*Problem details:* Write out the lines below exactly, beginning at the one with "Crafted in 1.94" and stopping after the one with "This jewelry piece will be"; the pictures are not copied.

*The data:*
╔══

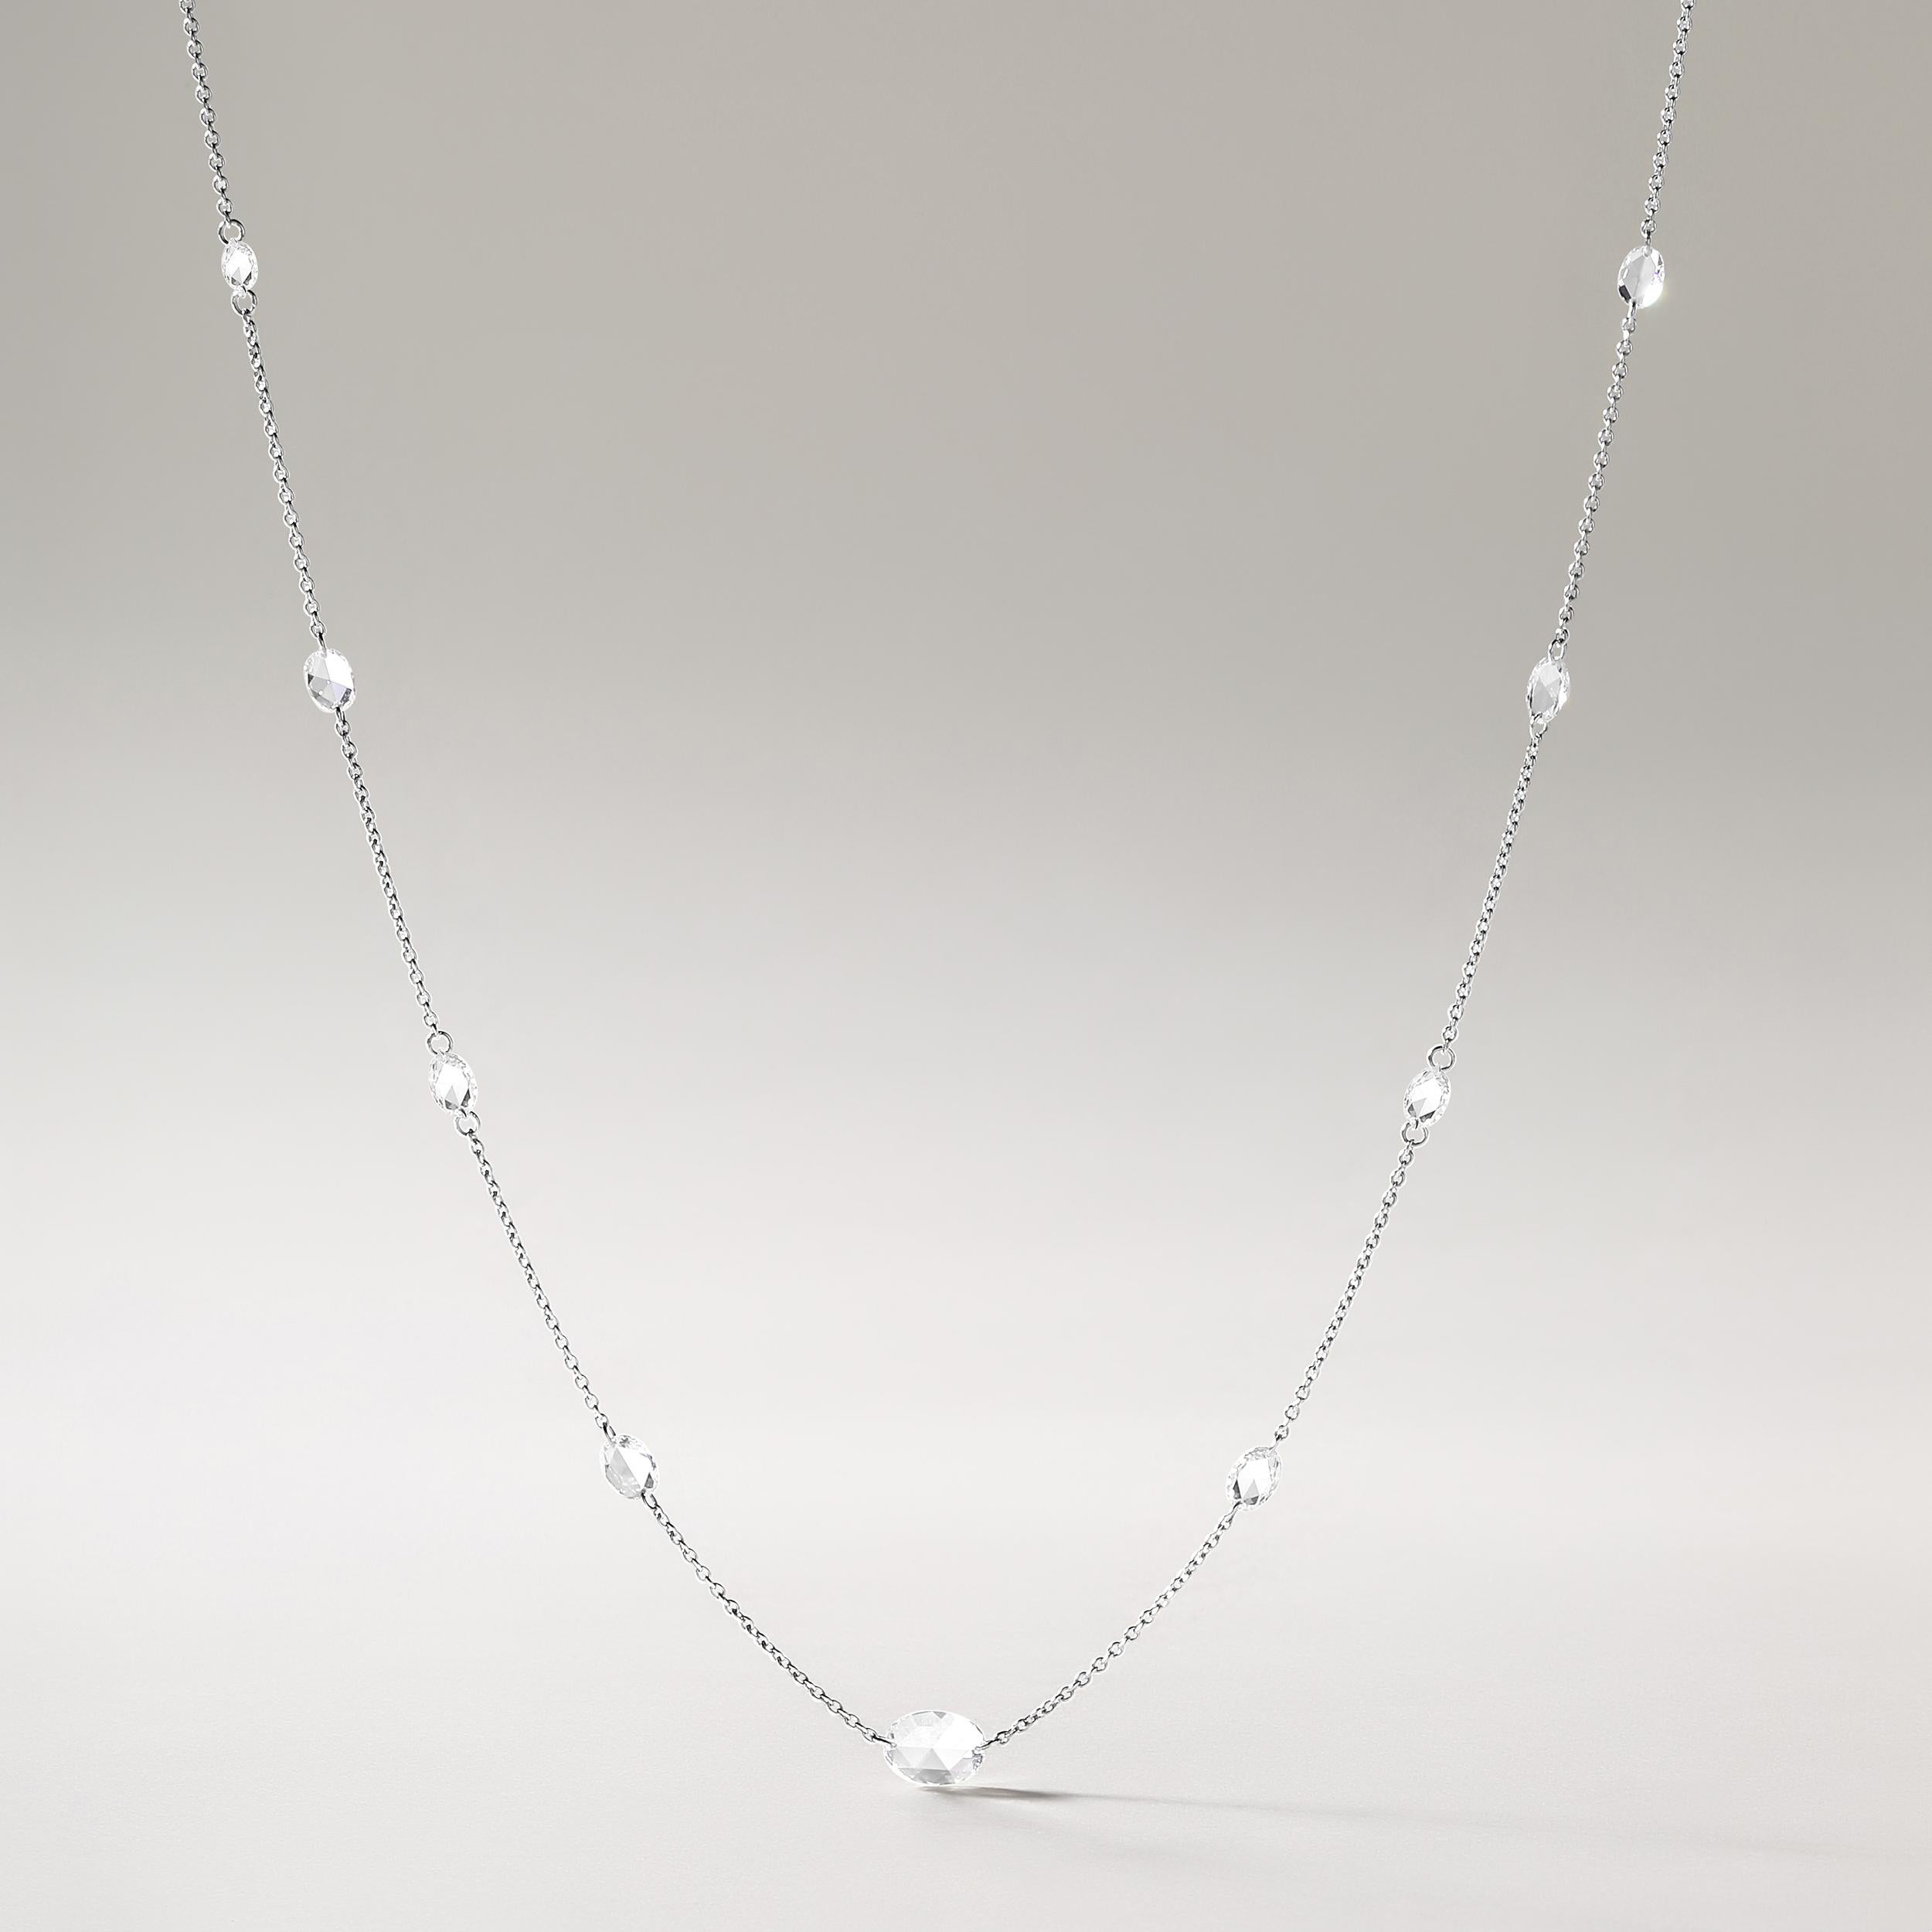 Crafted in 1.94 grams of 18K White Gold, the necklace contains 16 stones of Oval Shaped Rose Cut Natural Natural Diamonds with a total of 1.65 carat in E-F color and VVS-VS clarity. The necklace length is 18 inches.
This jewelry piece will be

╚══
╔══

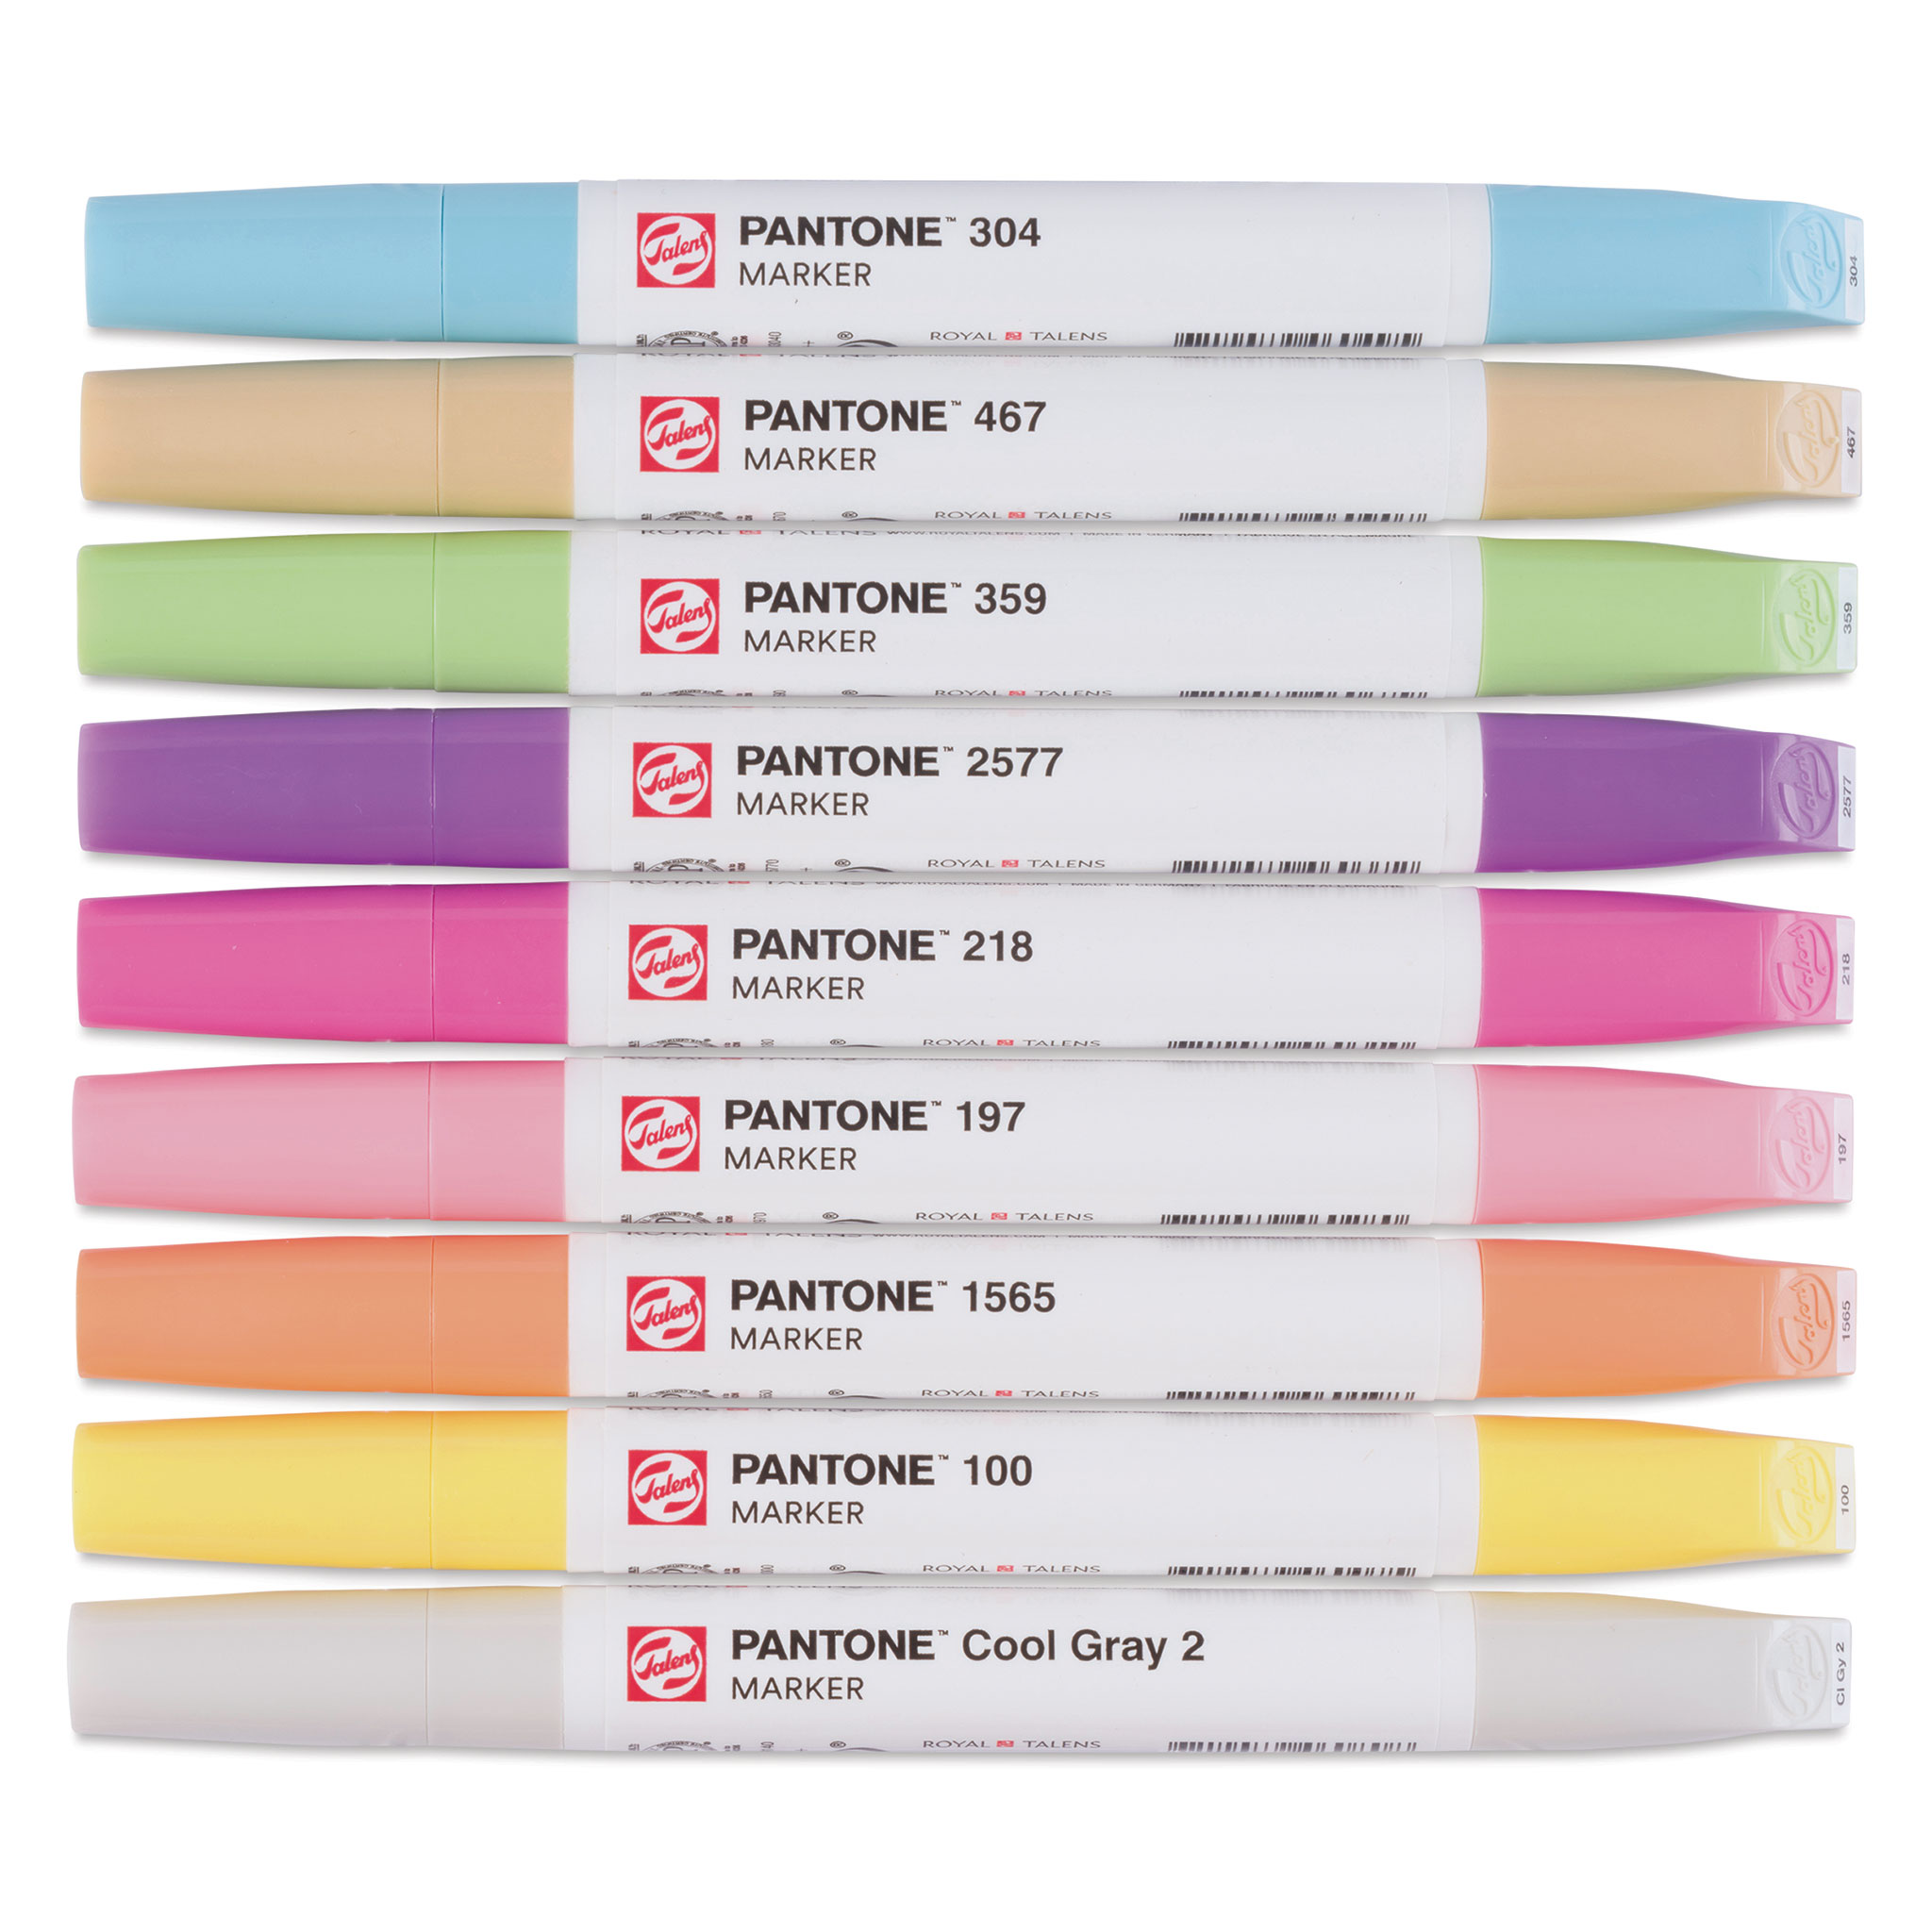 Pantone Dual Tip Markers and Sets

╚══

*Task response:*
 Crafted in 1.94 grams of 18K White Gold, the necklace contains 16 stones of Oval Shaped Rose Cut Natural Natural Diamonds with a total of 1.65 carat in E-F color and VVS-VS clarity. The necklace length is 18 inches.
This jewelry piece will be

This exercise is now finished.